> WHAT NEEDS TO BE DONE:
Set down, please, exactly the lines below that run from the line with "Poio: A7094: Samieira..." to the line with "Gelatina della fragola", both lines included.

> AVAILABLE DATA:

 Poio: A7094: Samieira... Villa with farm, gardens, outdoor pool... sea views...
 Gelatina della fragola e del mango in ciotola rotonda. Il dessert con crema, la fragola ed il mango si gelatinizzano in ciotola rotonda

--

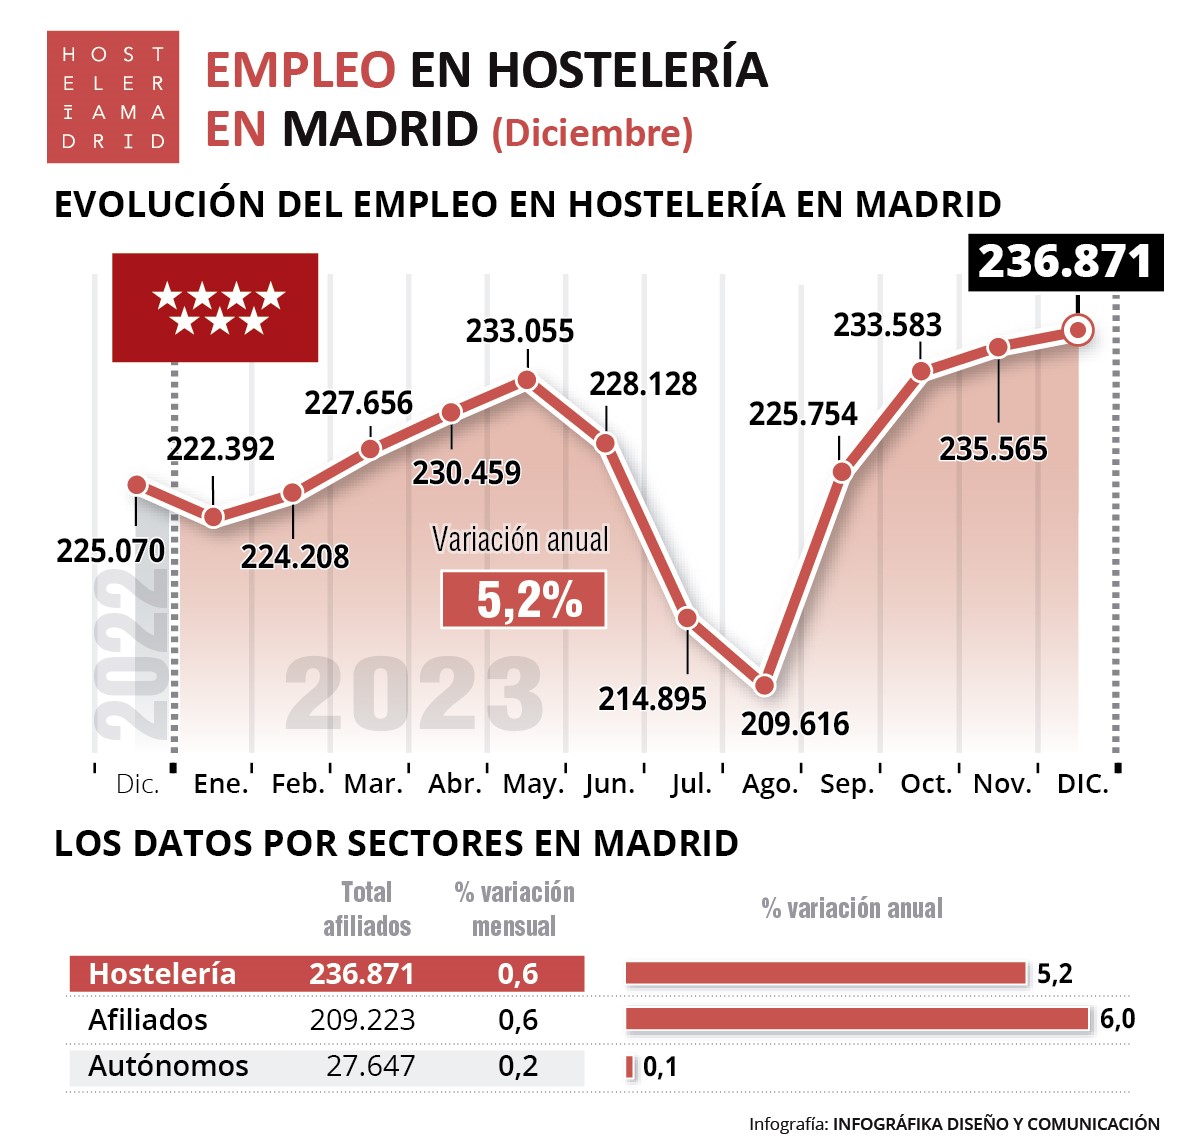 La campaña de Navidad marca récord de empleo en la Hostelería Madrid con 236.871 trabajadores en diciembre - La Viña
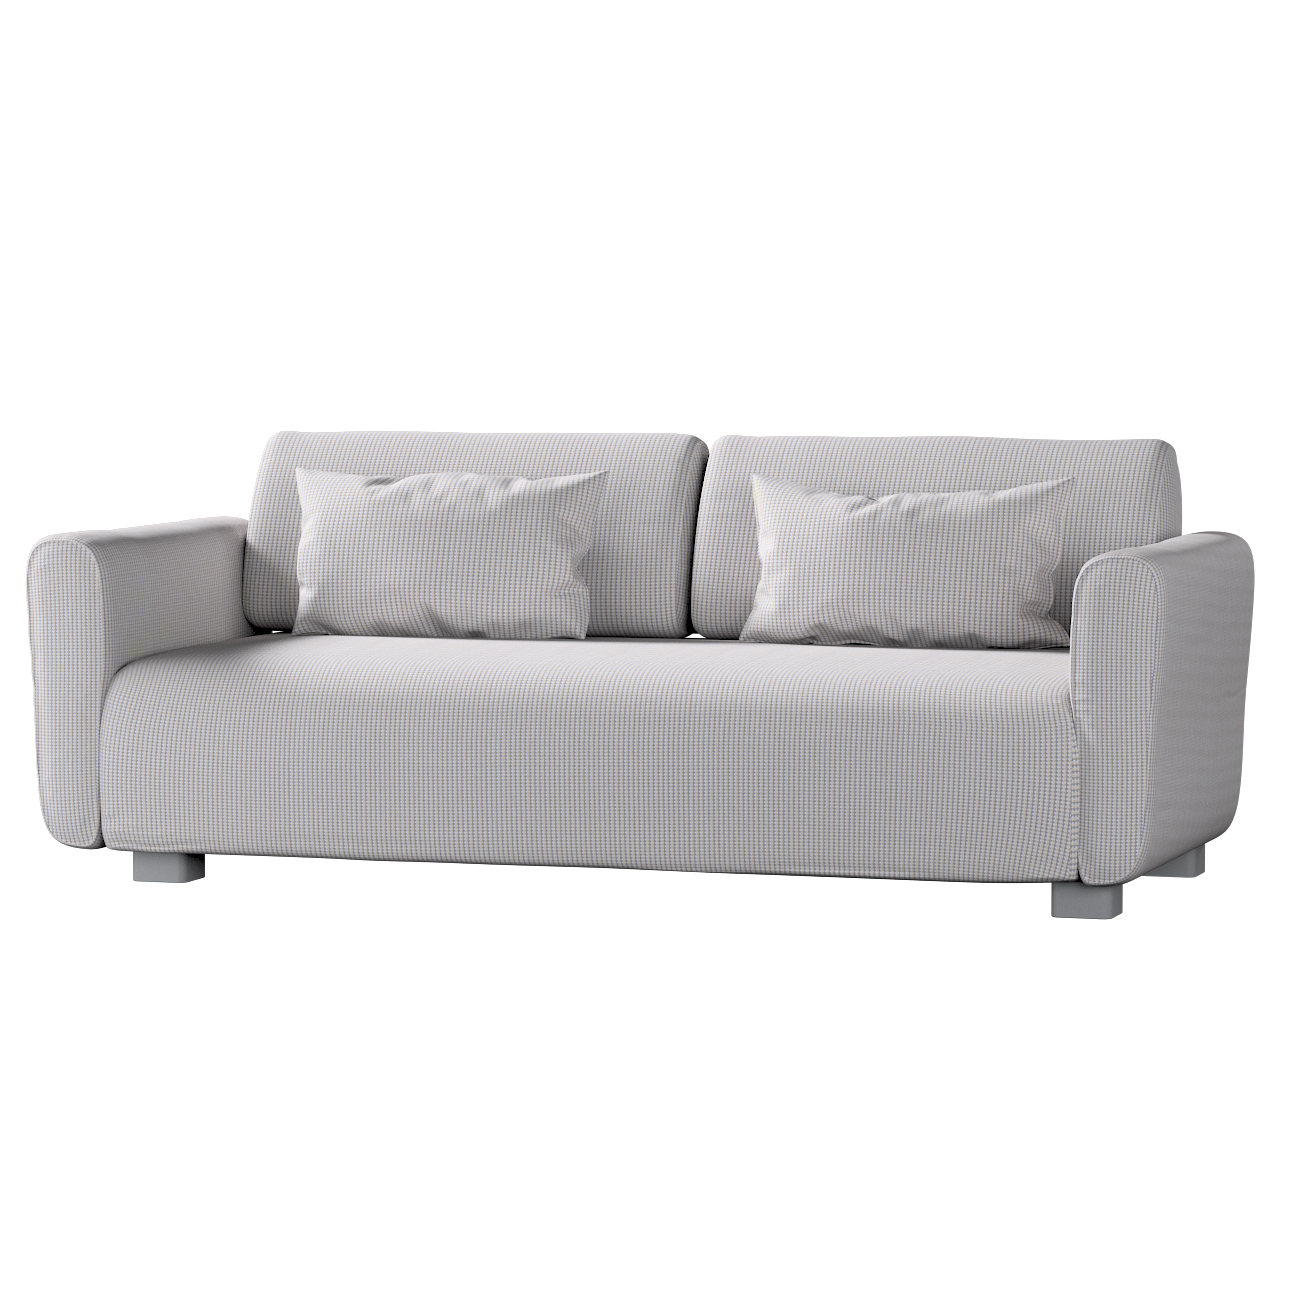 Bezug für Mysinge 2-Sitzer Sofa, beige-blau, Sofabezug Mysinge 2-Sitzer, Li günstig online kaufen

==

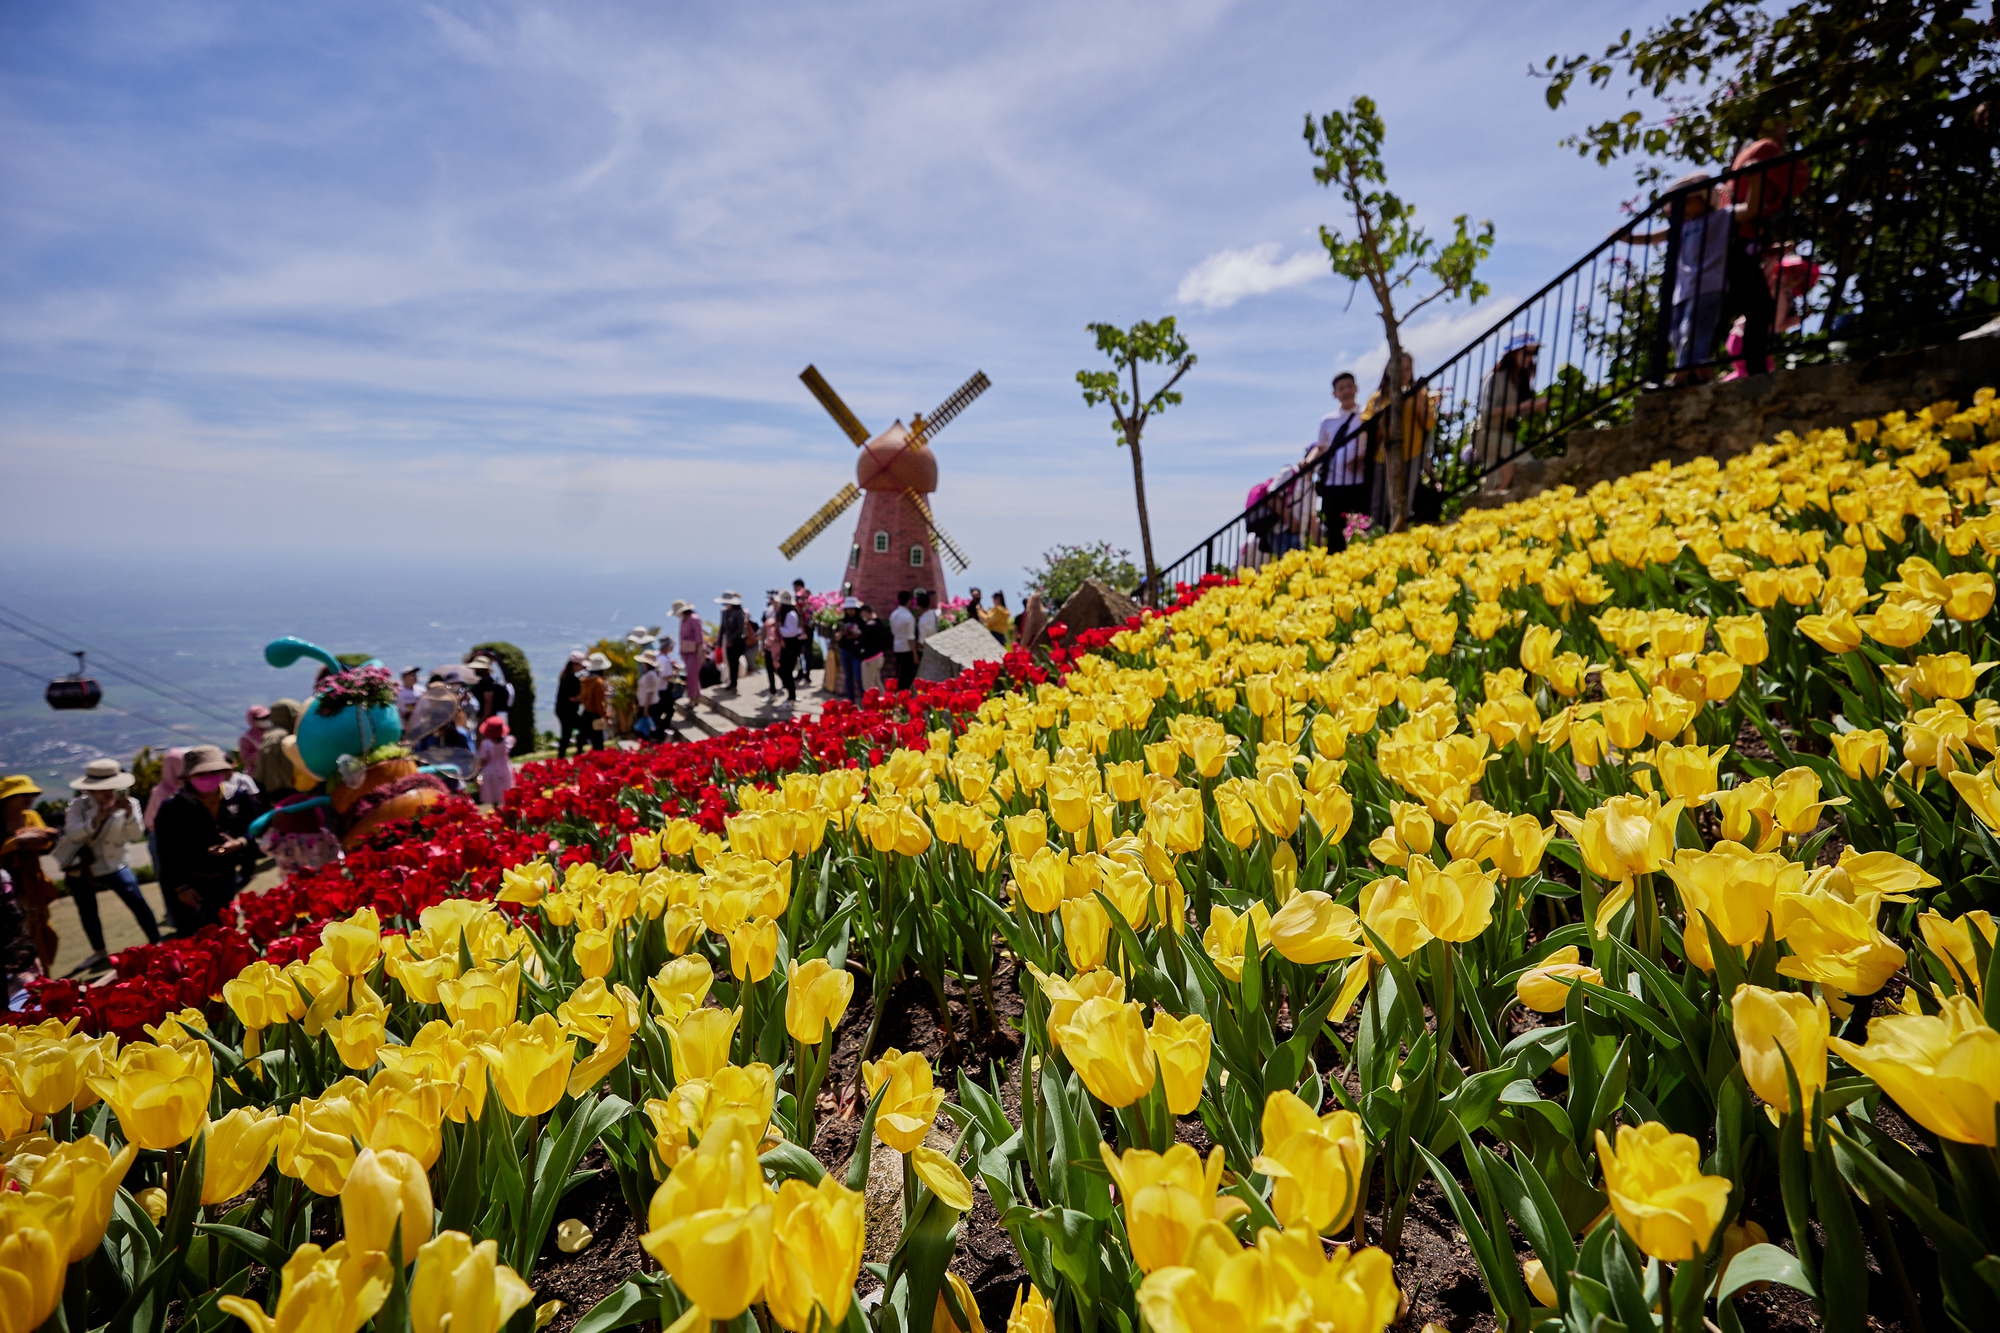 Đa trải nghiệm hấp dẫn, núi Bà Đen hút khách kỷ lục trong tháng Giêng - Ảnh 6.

> ANSWER:
 Poio: A7094: Samieira... Villa with farm, gardens, outdoor pool... sea views...
 Gelatina della fragola e del mango in ciotola rotonda. Il dessert con crema, la fragola ed il mango si gelatinizzano in ciotola rotonda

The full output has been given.